*Exercise prompt*. The entries below contain pictures, which are to be left out; write out exactly, and only, the lines from the line with "Farina In Scene: Loser" up to and including the line with "Asian Hot Guys".

*Dataset entries*.

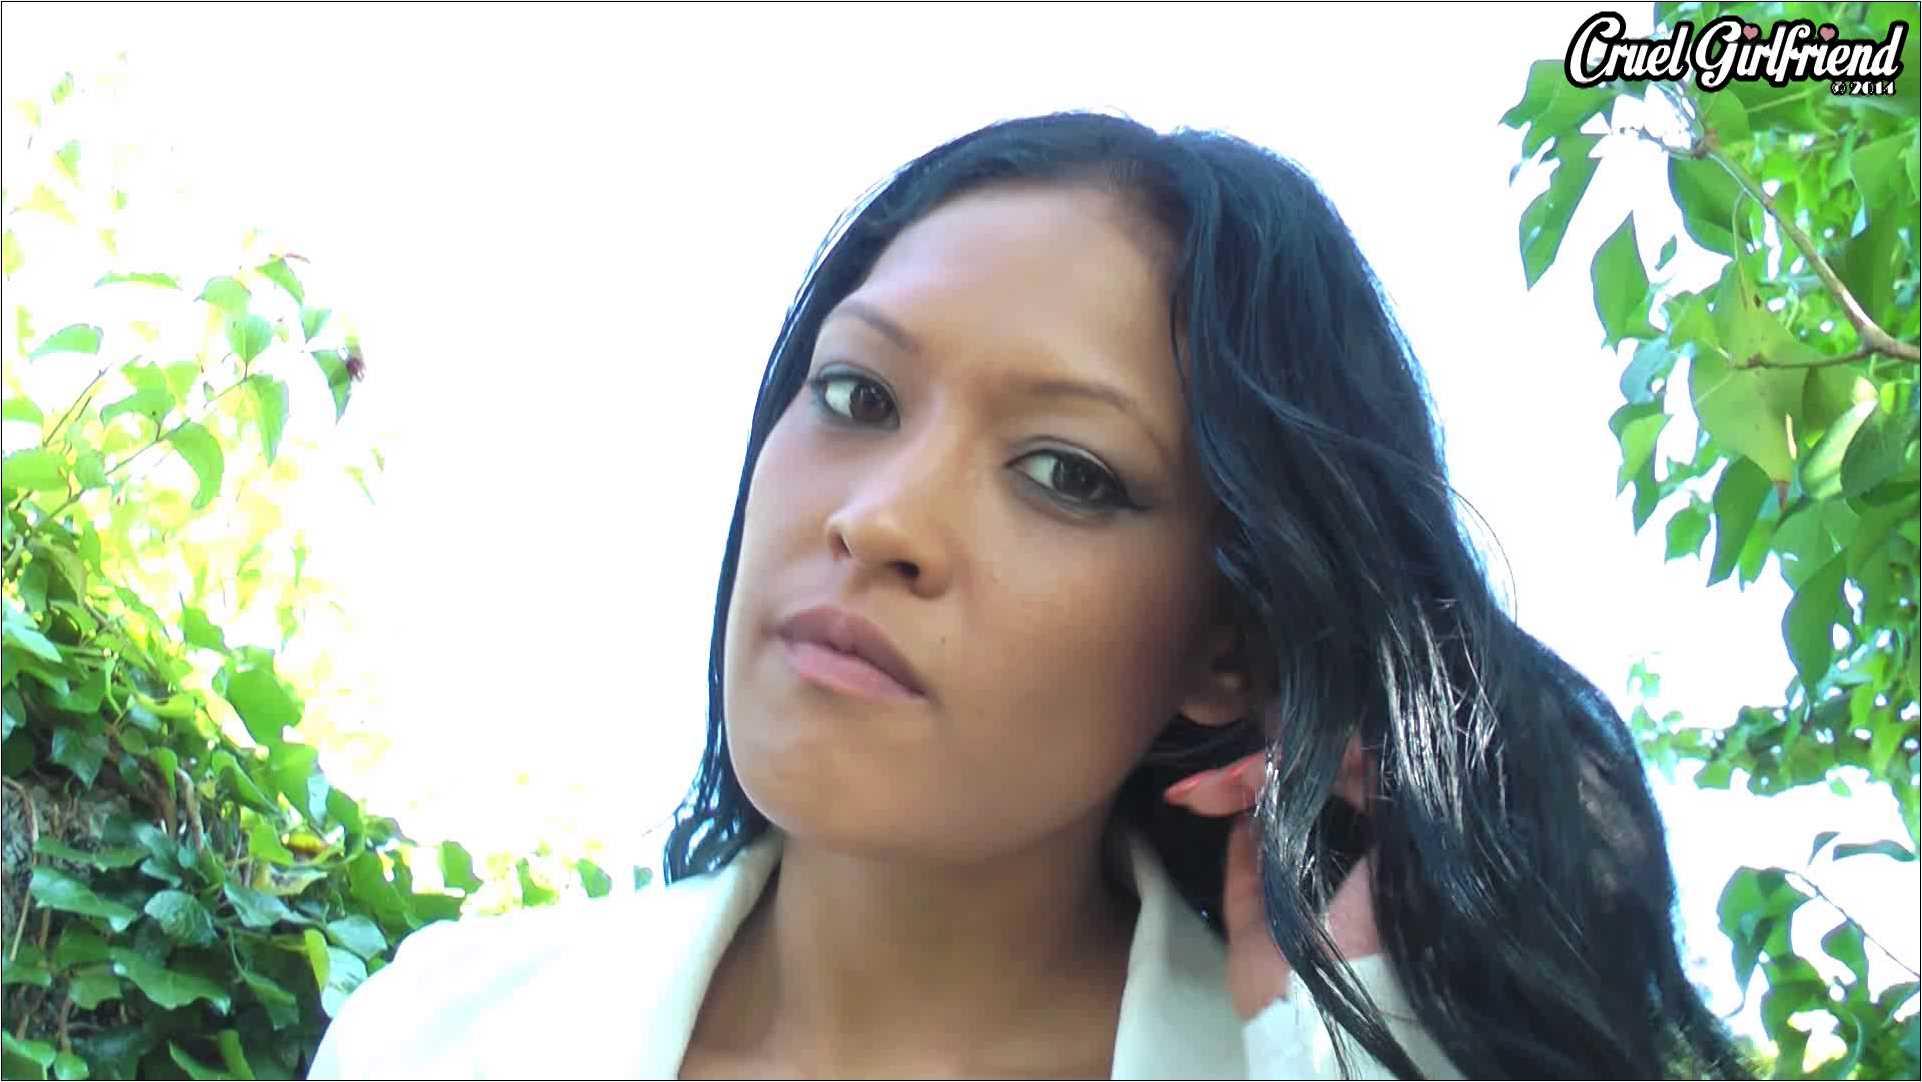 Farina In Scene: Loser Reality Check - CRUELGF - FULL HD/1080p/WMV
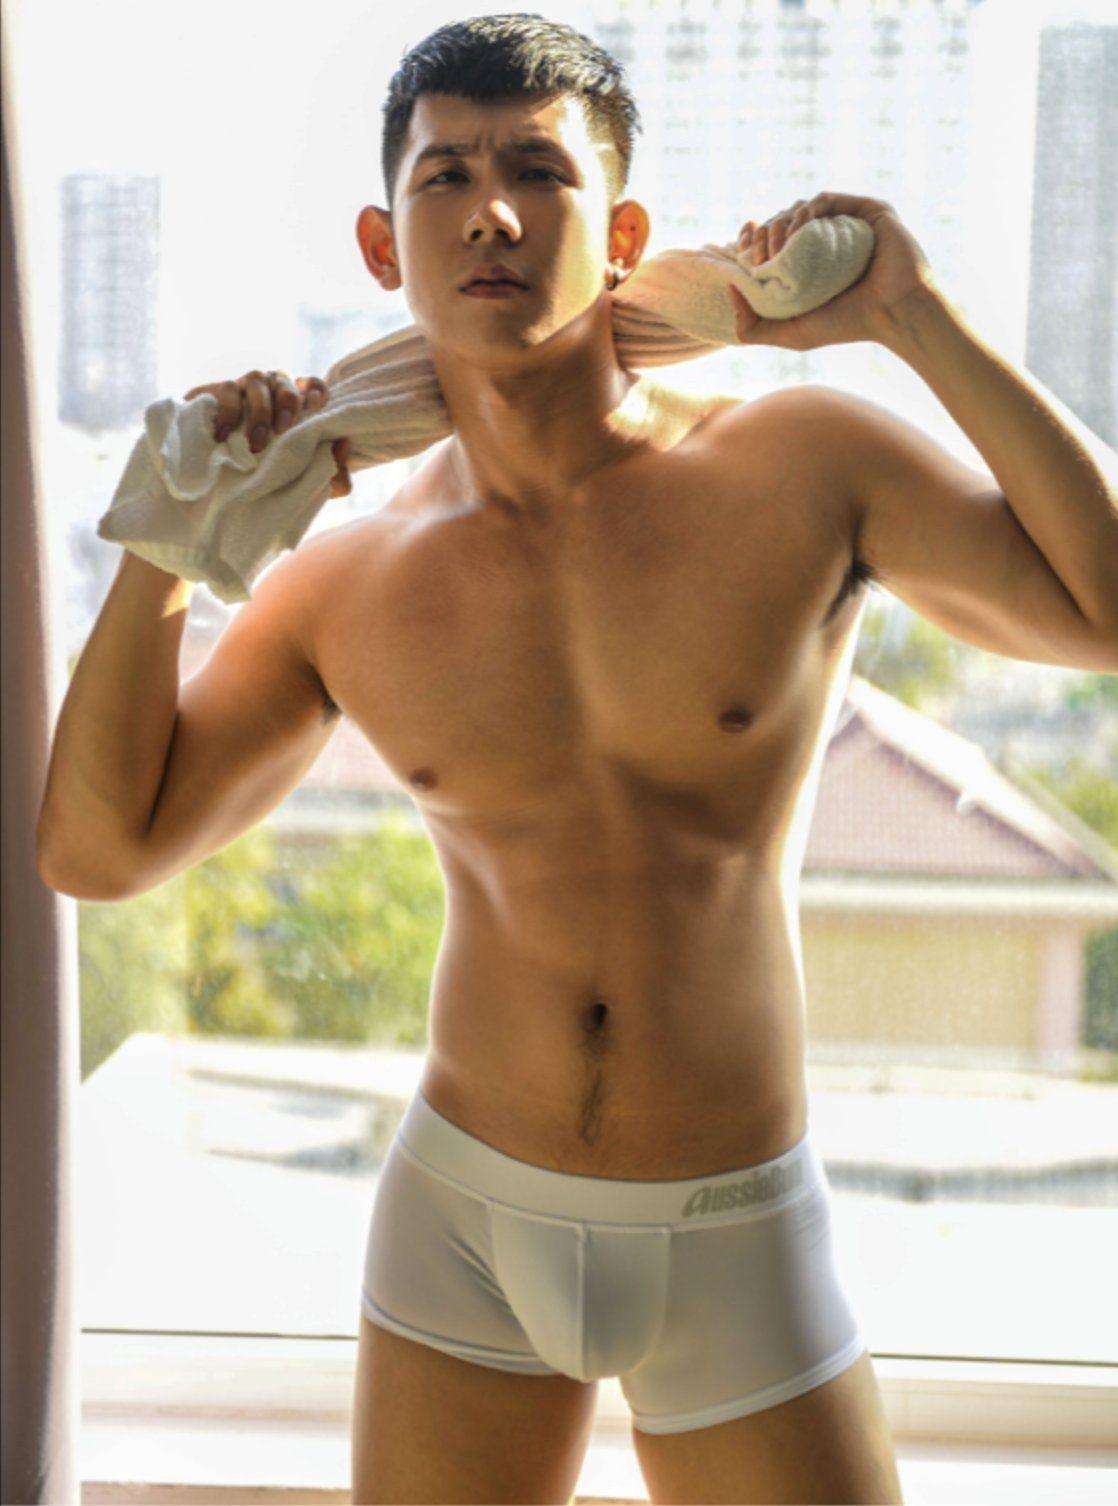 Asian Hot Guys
* * *
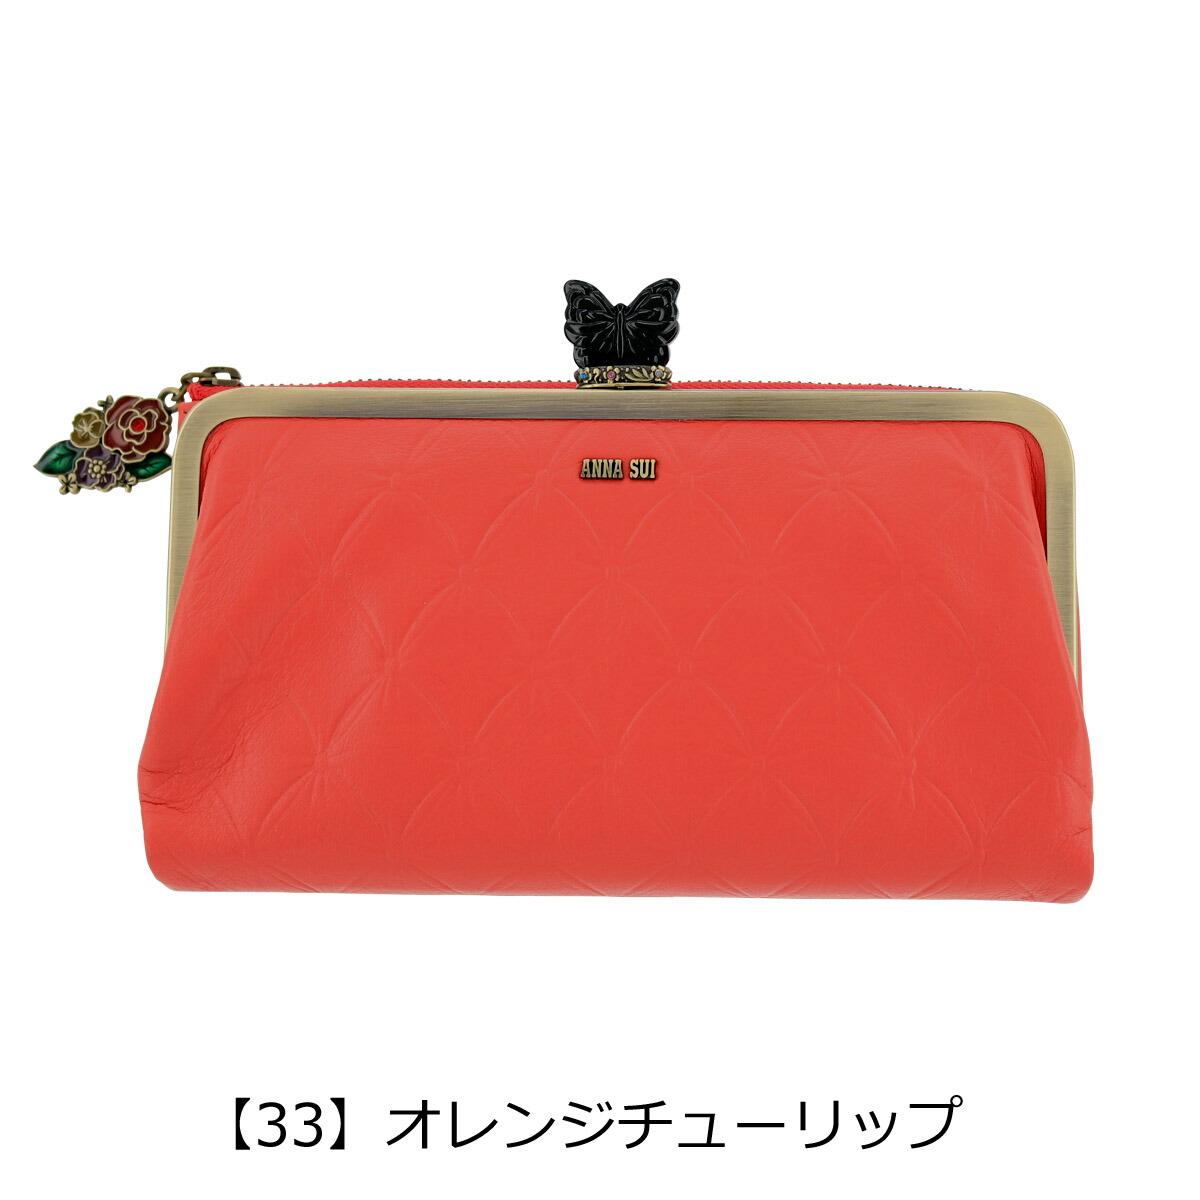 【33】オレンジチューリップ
---
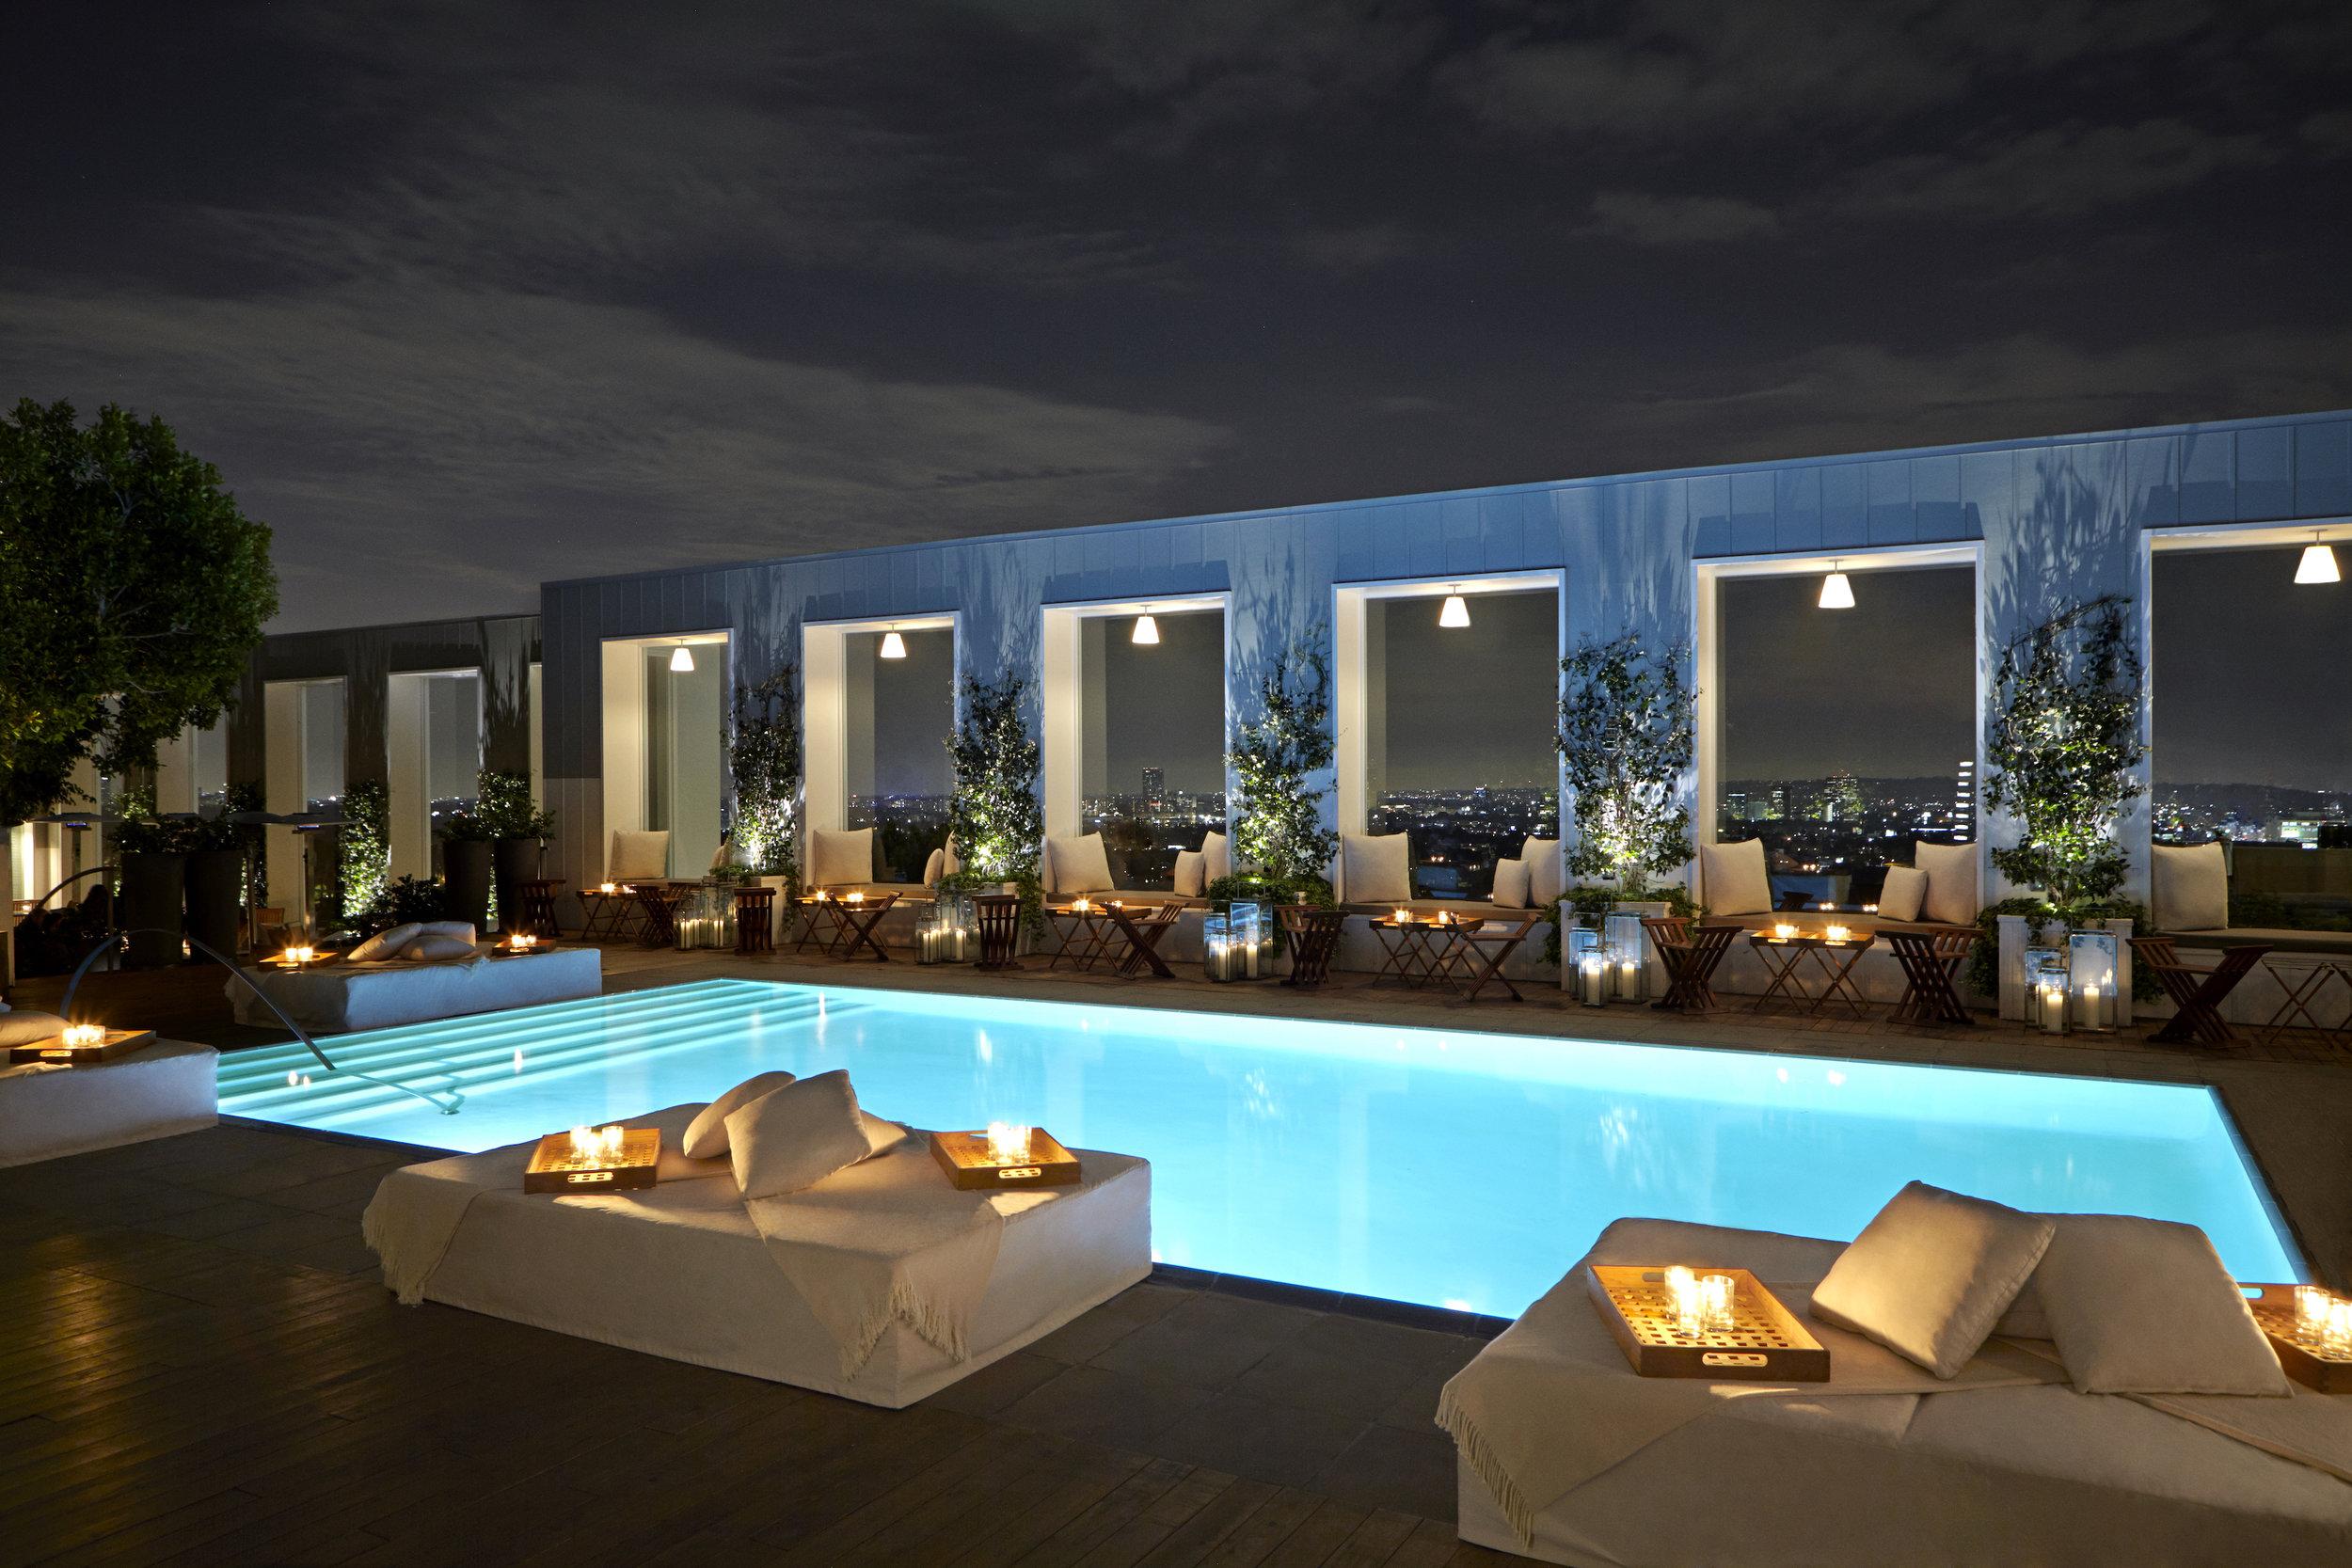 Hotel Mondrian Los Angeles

*Written reply*.
 Farina In Scene: Loser Reality Check - CRUELGF - FULL HD/1080p/WMV
 Asian Hot Guys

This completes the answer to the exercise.